Грузная старуха тащила на руках раненную в ногу девочку лет шести — видимо, внучку.
— А зоомагазин! Как же черепаха, бабушка? Ты же обещала! — билась на руках внучка.
Кричали все — дети, взрослые, мужчины, женщины. Кричали раненые и живые.
— Я не могу, не могу, пойдем назад, — шептала мать и тащила меня куда-то за рукав.
Мы побежали назад и еле пробились через цепь красноармейцев. Сквер уже окончательно оцепили. Пропускали только санитарные машины и пожарных. А санитарные машины все подъезжали и подъезжали, и выли, и вой их сливался с криками.
— Пойдем через Солянку, — продолжала тянуть меня мать.
Вдогонку нам завыла радиосирена, и голос диктора сообщил:
«Граждане! Воздушная тревога! Граждане! Воздушная тревога!»
Радио еще продолжало оповещать о воздушной тревоге, когда мы подбегали к дому.
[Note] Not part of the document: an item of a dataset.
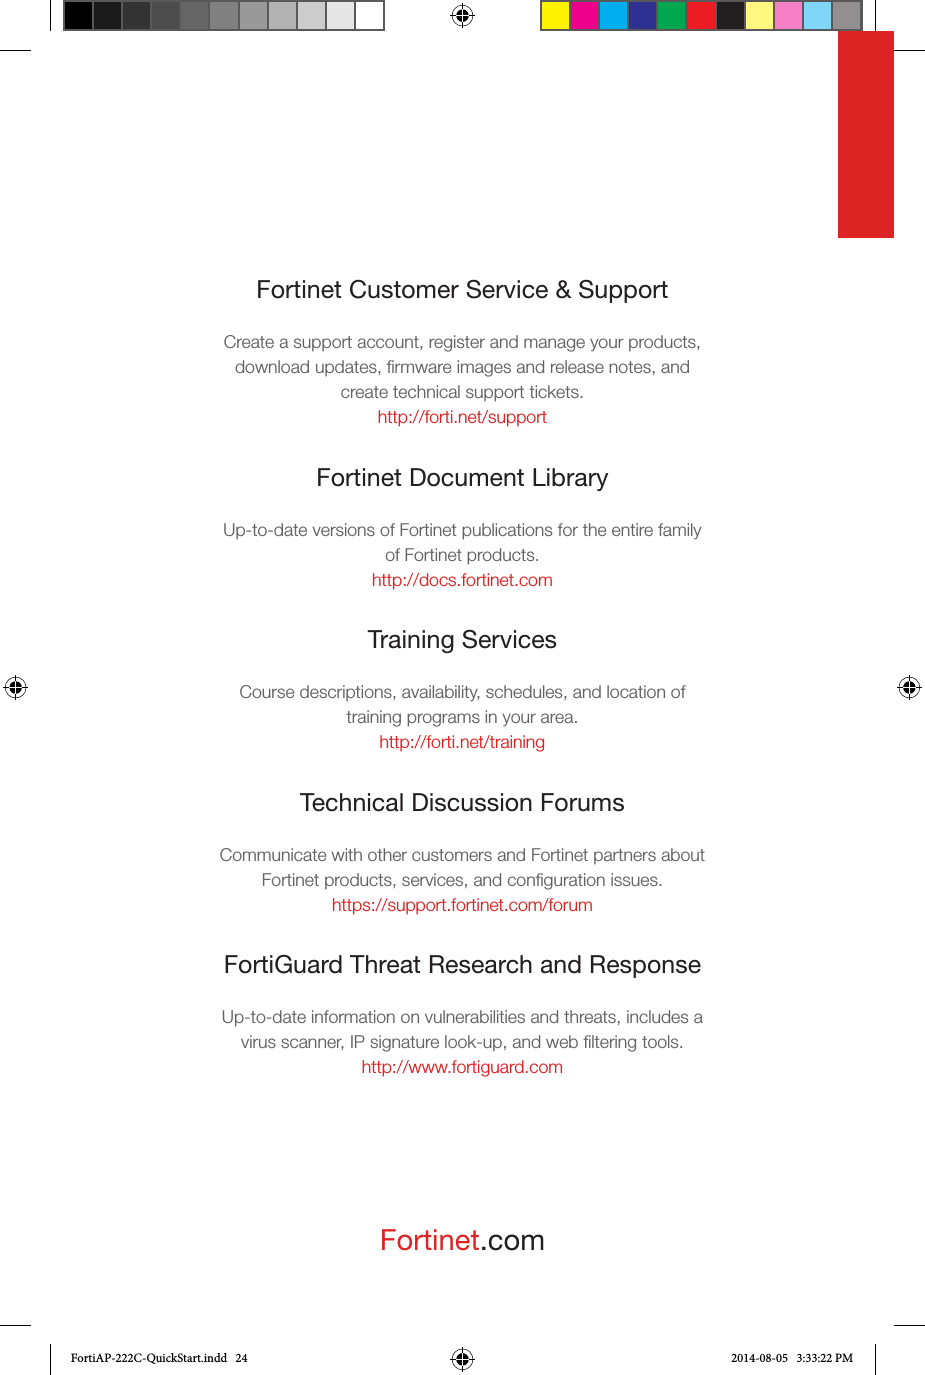 Fortinet.comFortinet Customer Service &amp; SupportCreate a support account, register and manage your products, download updates, ﬁrmware images and release notes, and create technical support tickets.http://forti.net/supportFortinet Document LibraryUp-to-date versions of Fortinet publications for the entire family of Fortinet products.http://docs.fortinet.comTraining ServicesCourse descriptions, availability, schedules, and location of training programs in your area.http://forti.net/trainingTechnical Discussion ForumsCommunicate with other customers and Fortinet partners about Fortinet products, services, and conﬁguration issues.https://support.fortinet.com/forumFortiGuard Threat Research and ResponseUp-to-date information on vulnerabilities and threats, includes a virus scanner, IP signature look-up, and web ﬁltering tools.http://www.fortiguard.comFortiAP-222C-QuickStart.indd   24 2014-08-05   3:33:22 PM

Впрочем, бежали не одни мы — на улицах и в нашем переулке было довольно много людей, спешащих, наперекор воздушной тревоге, по домам. Необычной силы взрыв и с опозданием объявленная тревога подгоняли — все словно утратили спокойствие и дисциплинированность, которые выработали прежде.
— А где бидон? — вдруг спросила мать.
— Не знаю…
Она махнула рукой:
— Бог с ним! Какой ужас!
Возле наших ворот стояла «скорая помощь». Я увидел ее еще издали и невольно ускорил шаг.
Что случилось?
Люди в белых халатах только что вкатили в машину носилки и захлопнули дверцы:
— Поехали.
— Что случилось?
— Да что там, — безнадежно махнул рукой управдом, стоявший на тротуаре с другими жильцами дома. — Надо же такой глупости случиться! Без тревоги! Вдруг!
— А увезли-то кого? Кого? — переспросил я, так и не поняв, что же произошло.
— Скворцова хлопнуло, дружка твоего, Бориса, — сказал управдом.
— Борю? Как — хлопнуло?
— На крыше песок проверял… А тут как раз… Смахнуло взрывной волной… Пока подбежали, а он уже…
Мы с матерью поднялись в квартиру. В коридоре — хаос. Обвалившаяся штукатурка. В кухне выбитые рамы и стекла на полу. Еле-еле открыли дверь своей комнаты — в ней тоже все перевернуто. Гуляет ветер. Выбитая, без стекол, рама повисла на одном шпингалете.
— Вы о Николае Степаныче уже знаете? — Старушка, соседка по квартире, заглянула в нашу дверь и как-то растерянно развела руками. — Или не знаете?
— А что?
— Беда с ним. Ох, беда!
Я побежал в комнату Николая Степановича и не сразу понял, что там случилось.
— Шкафом его и придавило. Надо же, шкафом, — пояснила соседка.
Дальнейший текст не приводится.